Supplied information below:

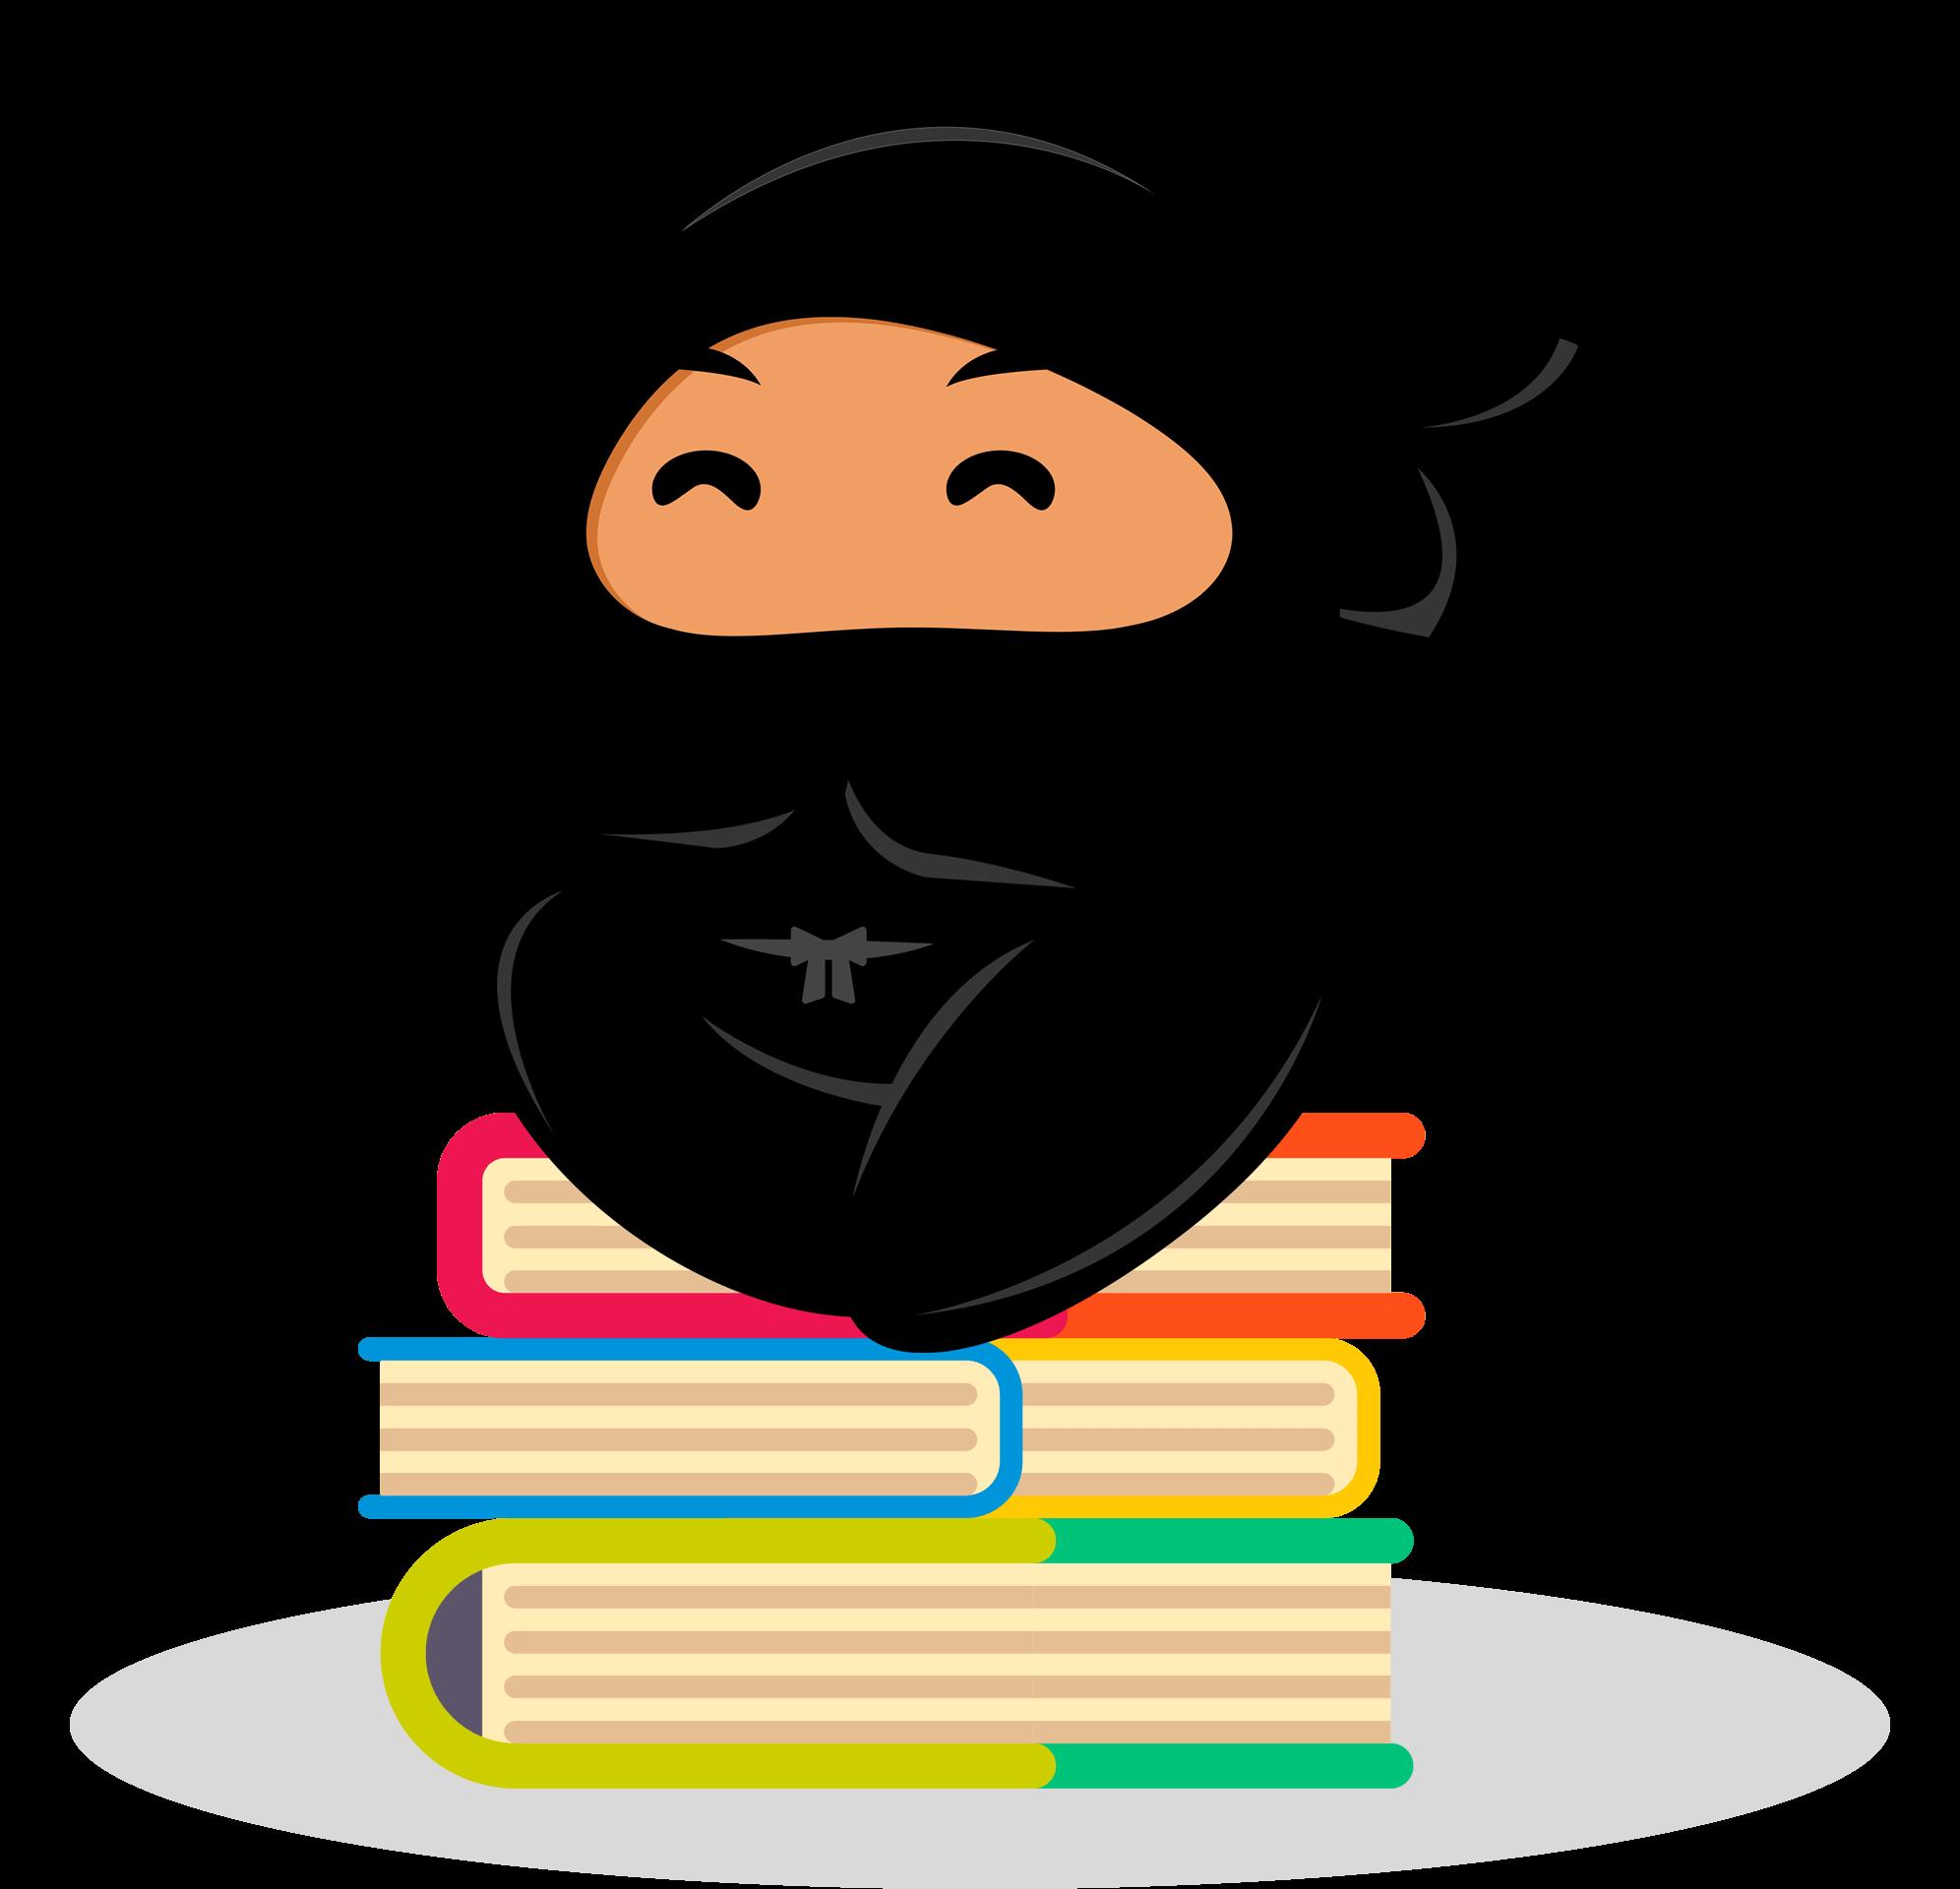 Shinobi sitting on books
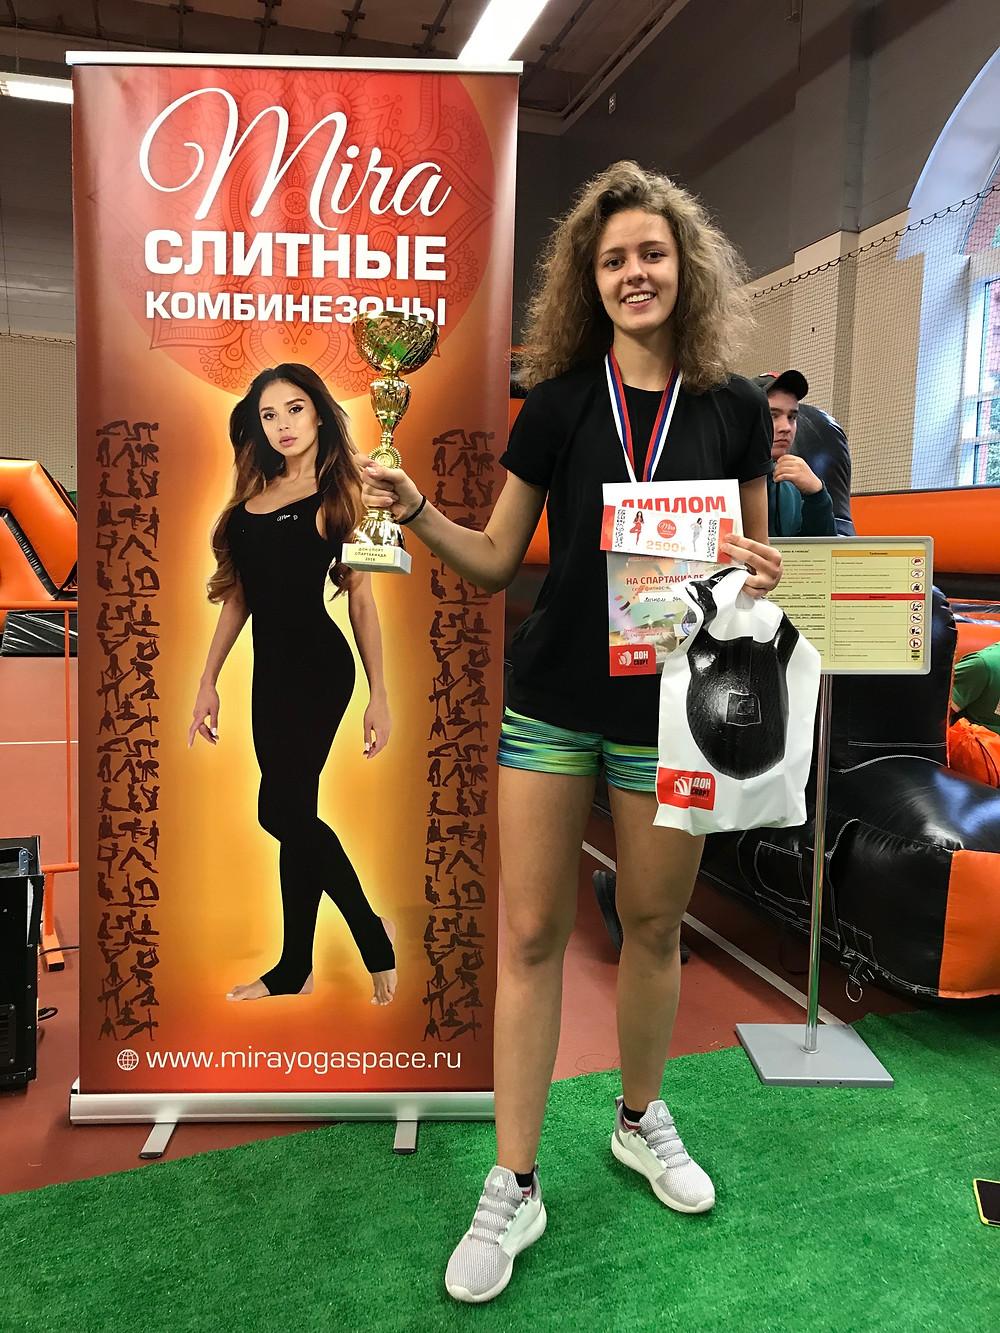 слитный комбинезон для спорта и победительница спартакиады
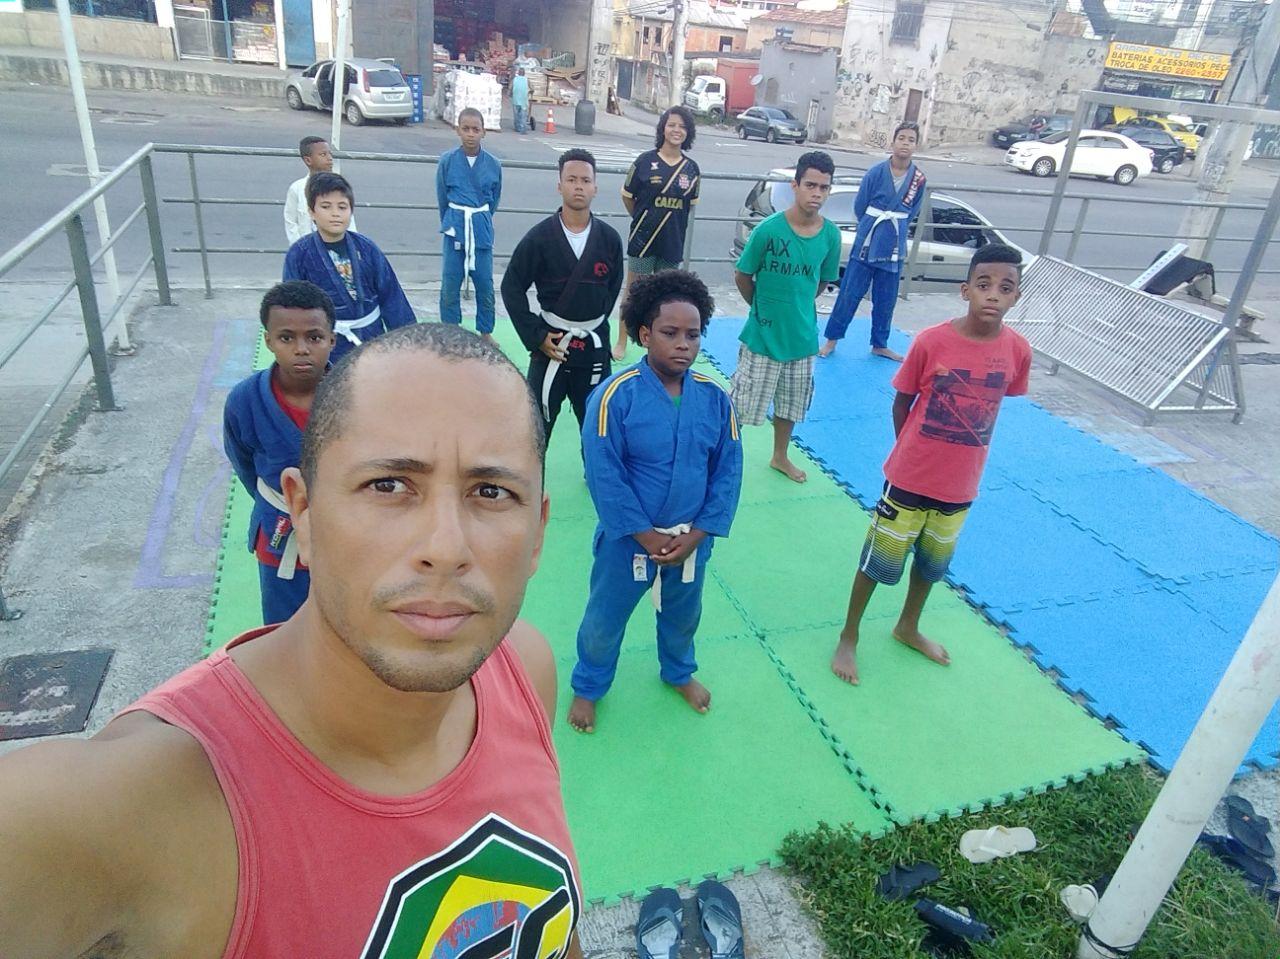 Projeto social do Alemão arrecada fundos para disputar campeonato de jiu-jitsu

End of Supplied information.

Description of the task.
Begin with the line that contains "слитный комбинезон для" and repeat every line through the end of the data, exactly and only those lines, leaving out the pictures.

Solution.
 слитный комбинезон для спорта и победительница спартакиады
 Projeto social do Alemão arrecada fundos para disputar campeonato de jiu-jitsu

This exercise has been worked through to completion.